Glen Urquhart School takes pride in the traditions and special events that stem from its founding philosophy and heritage.
“Urquhart” was a place name in ancient Scotland. The founding Urquhart was Conacher Ach Mohr, who slew a great boar, thus ridding Urquhart of a terrible menace. At the 1982 dedication of the School’s new campus, the Laird of Clan Urquhart, Scottish Chief Kenneth Trist Urquhart, gave his formal permission for the School to use the name Urquhart, and with it, the tartan, the motto, the battle cry, and the ancient boar’s head crest. These traditions provided the young school with an ancient and colorful history.

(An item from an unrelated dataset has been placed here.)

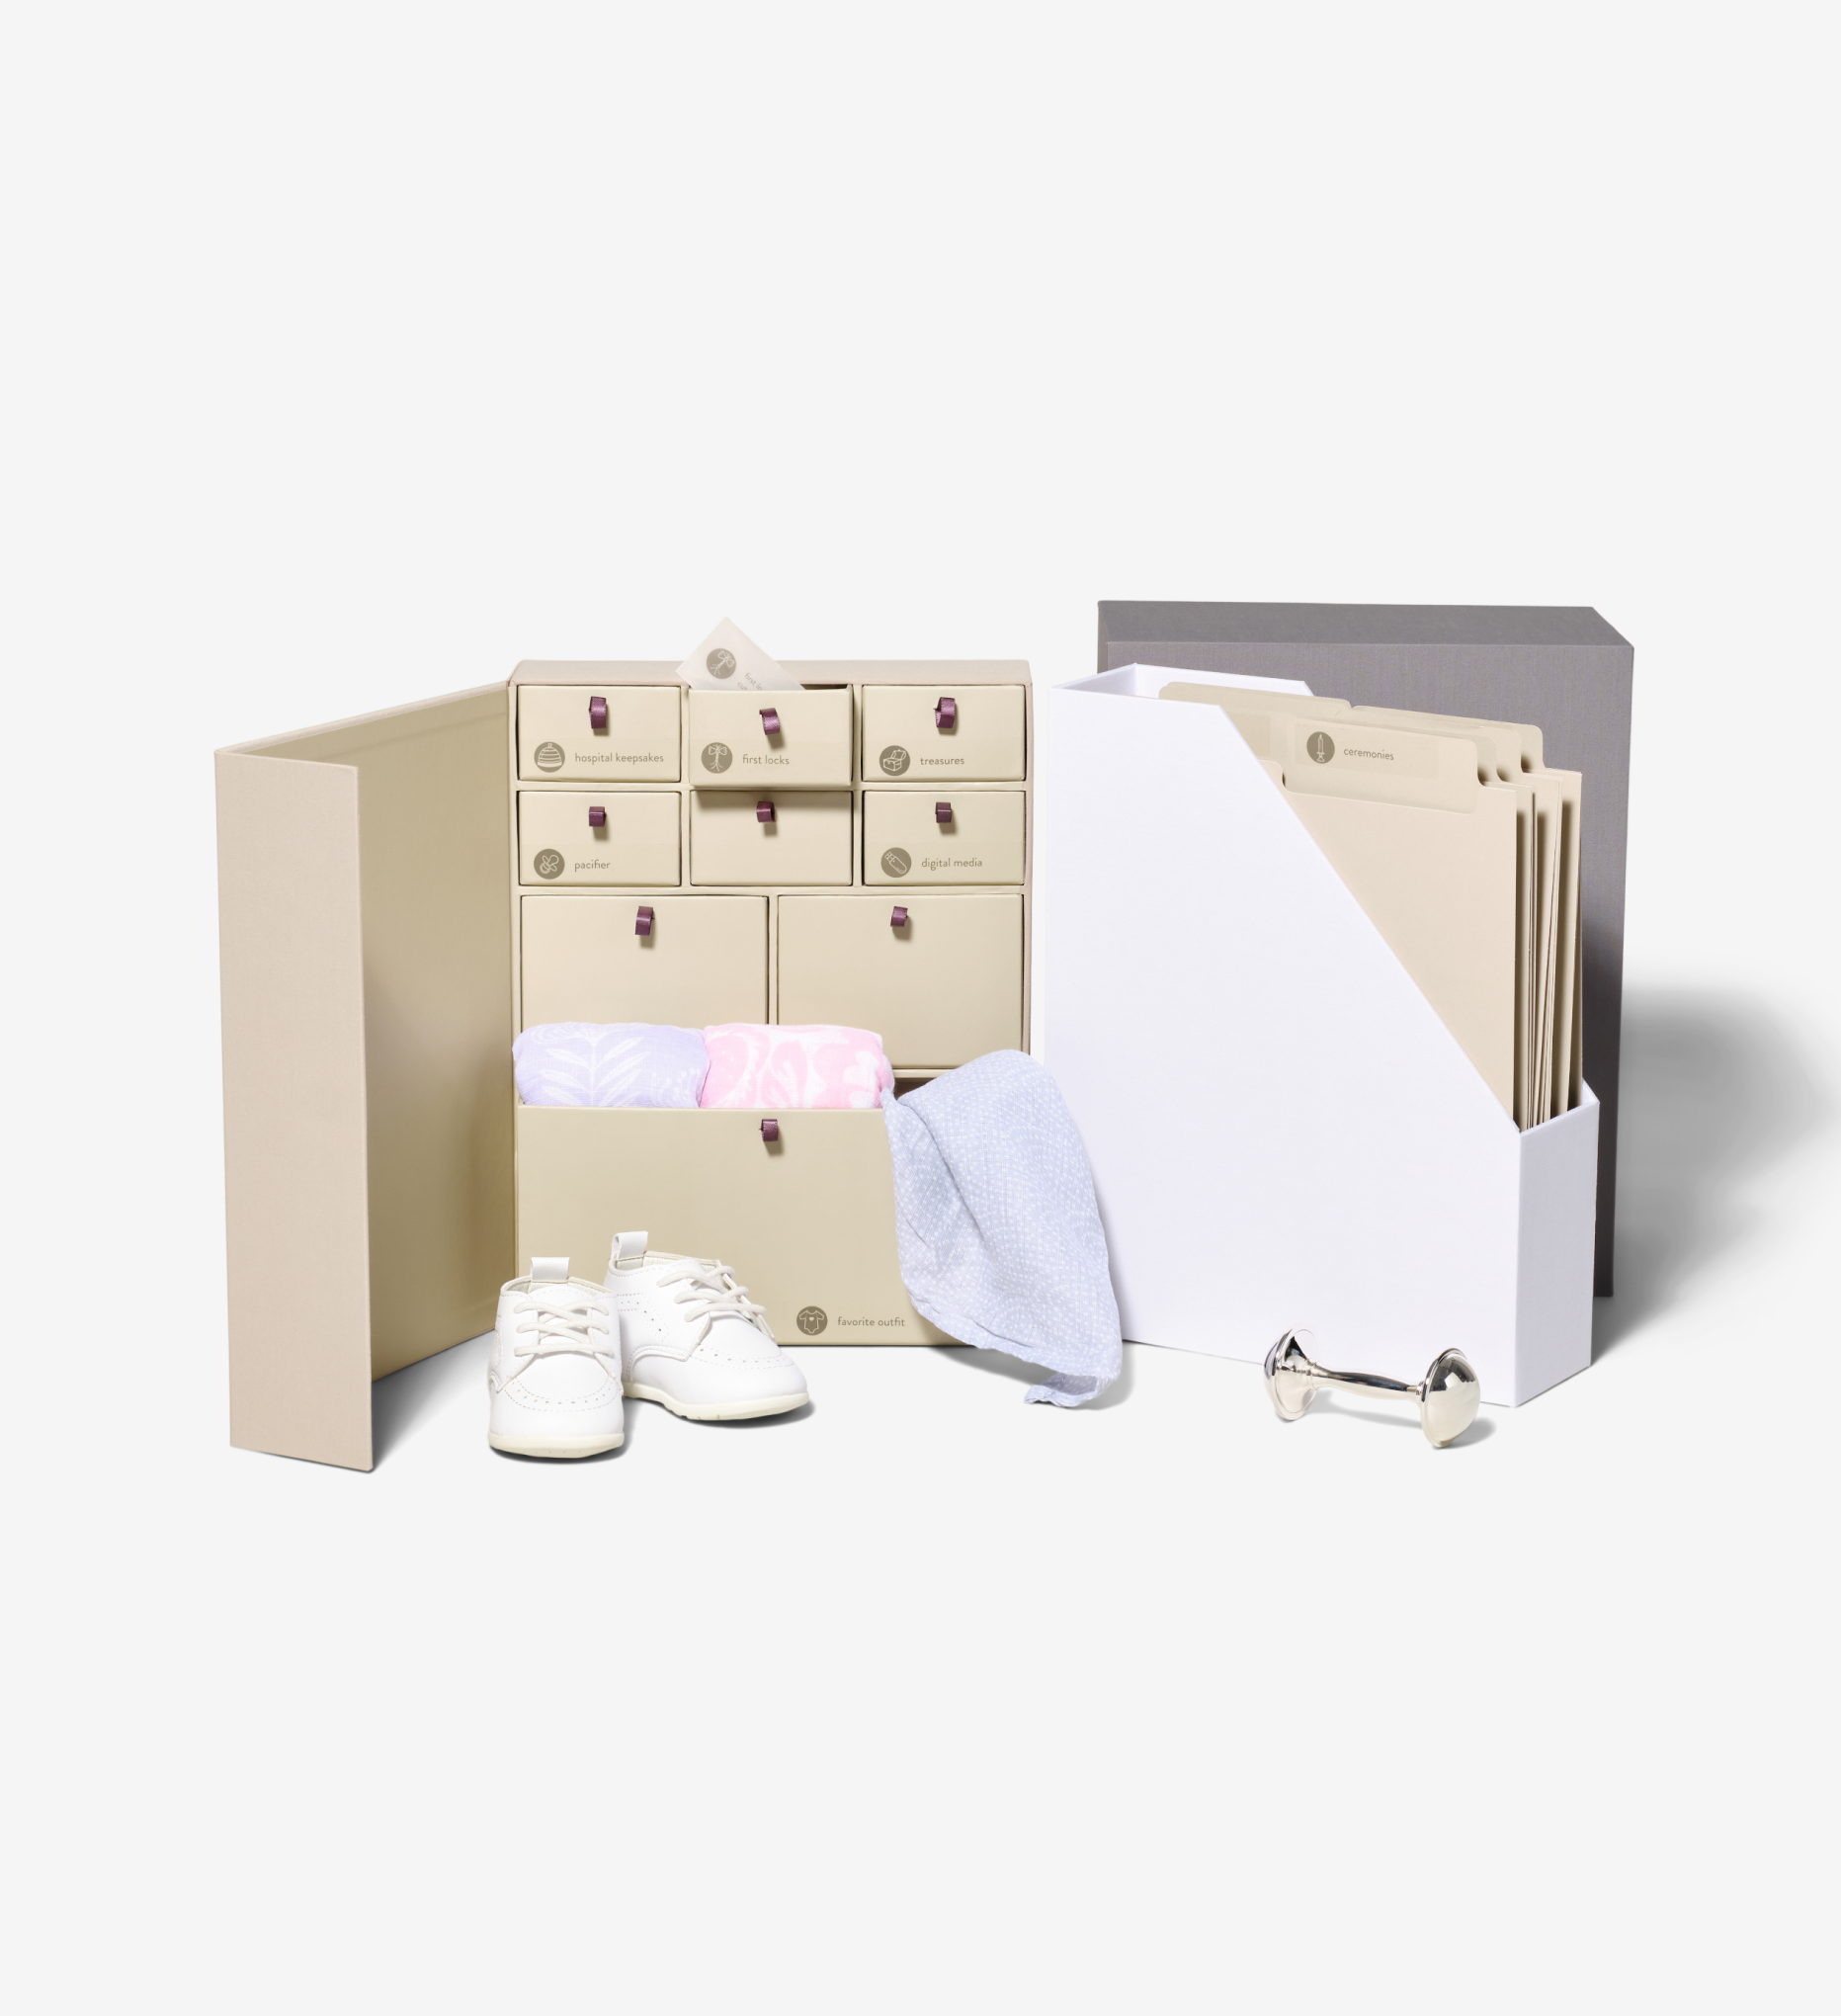 Savor deluxe baby keepsake box, interior boxes displayed: a beige box with drawers and a white compartment full of folders; baby mementos partially outside the drawers

There are several versions of the Urquhart tartan; the School uses the modern one, which is a navy blue and dark green field with one red, two black, and two white stripes. The tartan, in the form of ties and sashes, is worn by our eighth graders on special occasions, like graduation. The School colors are gray and green and were inspired by the sight of present day Castle Urquhart on Loch Ness. The remains of its tall stone tower, assorted walls, and foundations are surrounded by soft green plants. This gray and green expanse, silhouetted against the blue of lake and sky, prompted the school colors of gray and green: gray for the castle's hand-dressed, hand-placed stones, and green for the natural world around them.
Below is a list of the major events and traditions as they occur during the school year.
Grand Friends' Day
Grand Friends' Day, held in the fall, is an opportunity for all students to share their school experience with extended family and friends. The majority of our students invite a grandparent. If a grandparent is not available, we welcome your child’s special adult friend, such as an extended family member, a neighbor, past teacher, or parent. This day includes a variety of sharing activities, including a morning coffee, classroom visits, and a musical performance. Each student is encouraged to invite at least one grand friend to enjoy this special day. Eighth grade students do not participate in this event; instead, they can use this day to visit secondary schools.

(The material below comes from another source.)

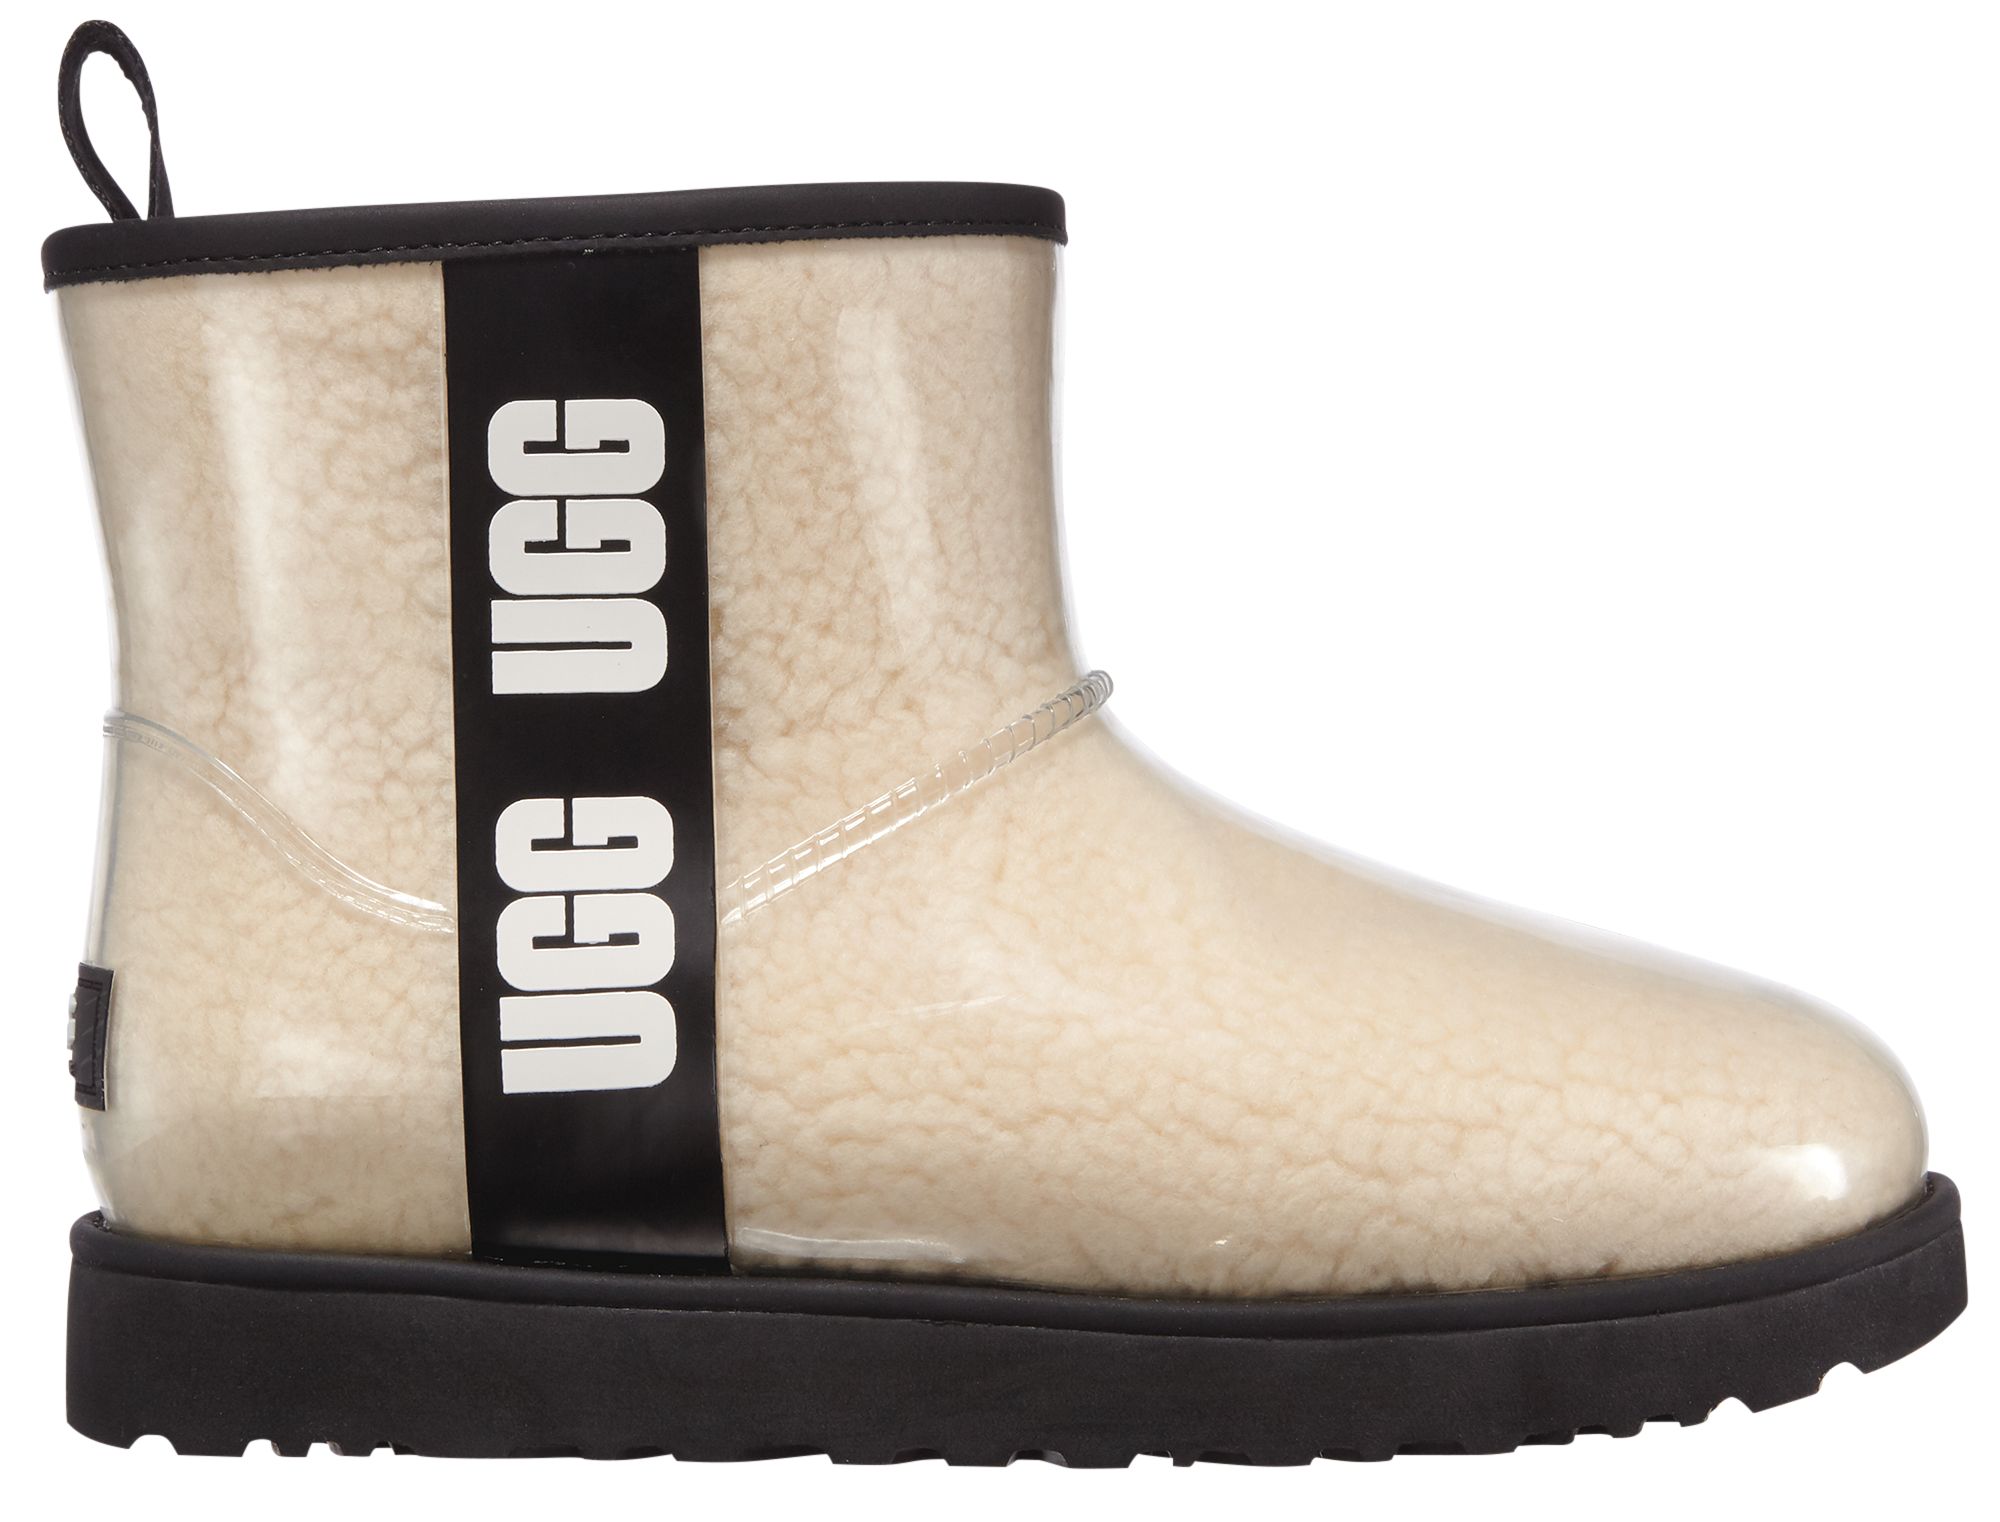 where to buy ugg boots near me

Bread Day takes place on the Tuesday before Thanksgiving as a simple celebration of this culturally prominent and commonly shared food. Families in designated grades are asked to bake or contribute breads from their family heritage. An assembly explores the rich variety of grains that serve as the “staff of life” around the world, focusing on bread as a symbol of world unity and ethnic diversity.
Winter Solstice Assembly
Winter Solstice Assembly celebrates the beginning of the winter season with music, stories, and legends of different cultures. Our Solstice Assembly occurs on the final day before winter break.

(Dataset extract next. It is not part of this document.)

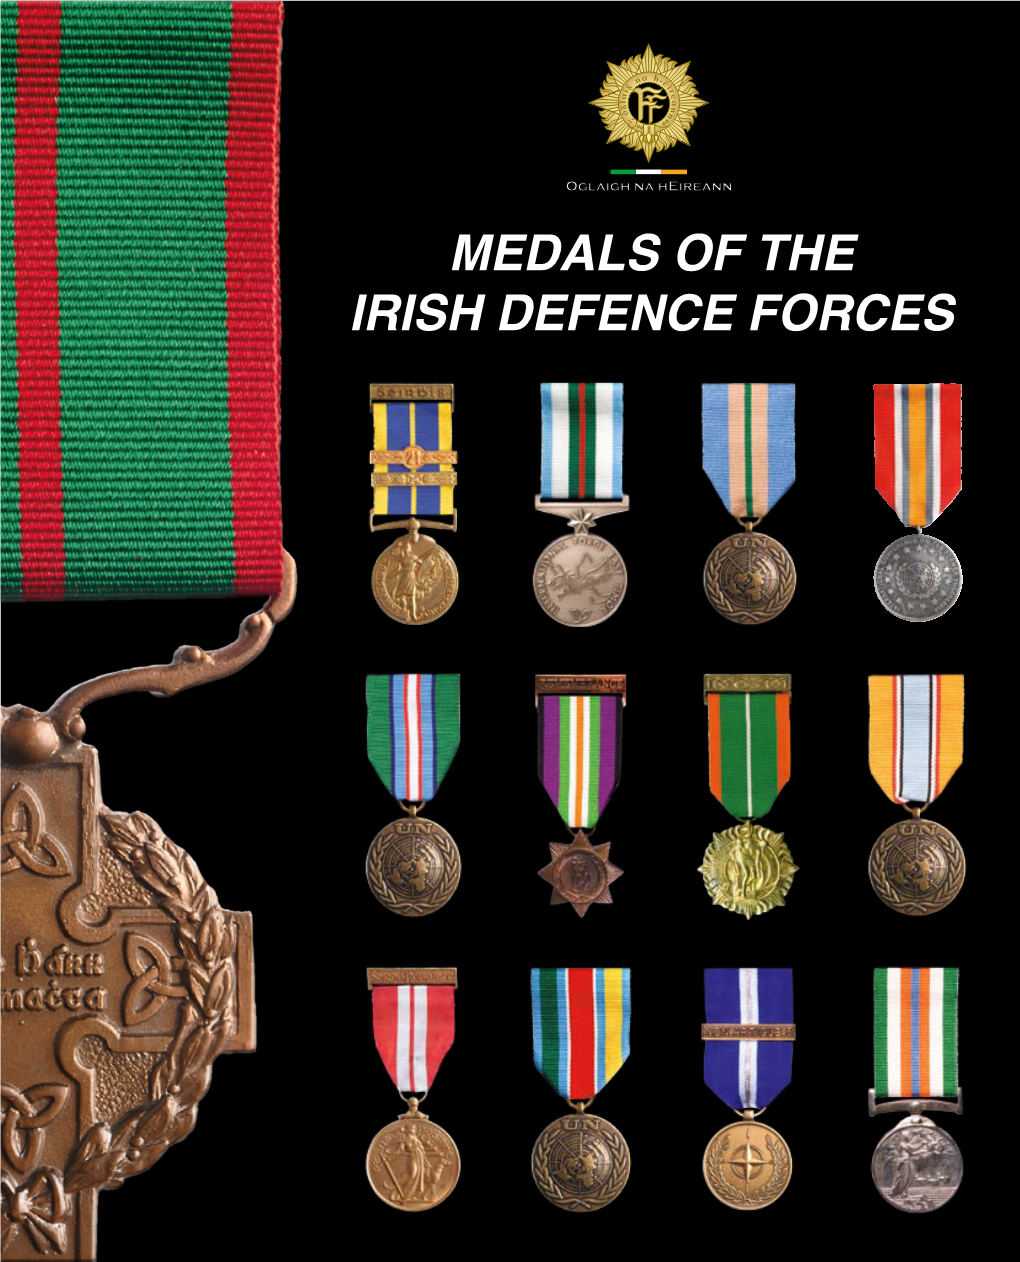 MEDALS of the IRISH DEFENCE FORCES MEDALS of the IRISH DEFENCE FORCES

May Day is an all-school celebration of spring. Students create flower baskets to share with neighbors, and the eighth graders perform a traditional Maypole Dance.
Evening with the Graduates
Evening with the Graduates occurs the night before graduation. Each eighth grader delivers an original speech about something they have come to believe in deeply. At the end of the evening, the Urquhart tartan and the leadership it symbolizes are passed from the outgoing graduates to the incoming eighth grade in a candlelit ceremony.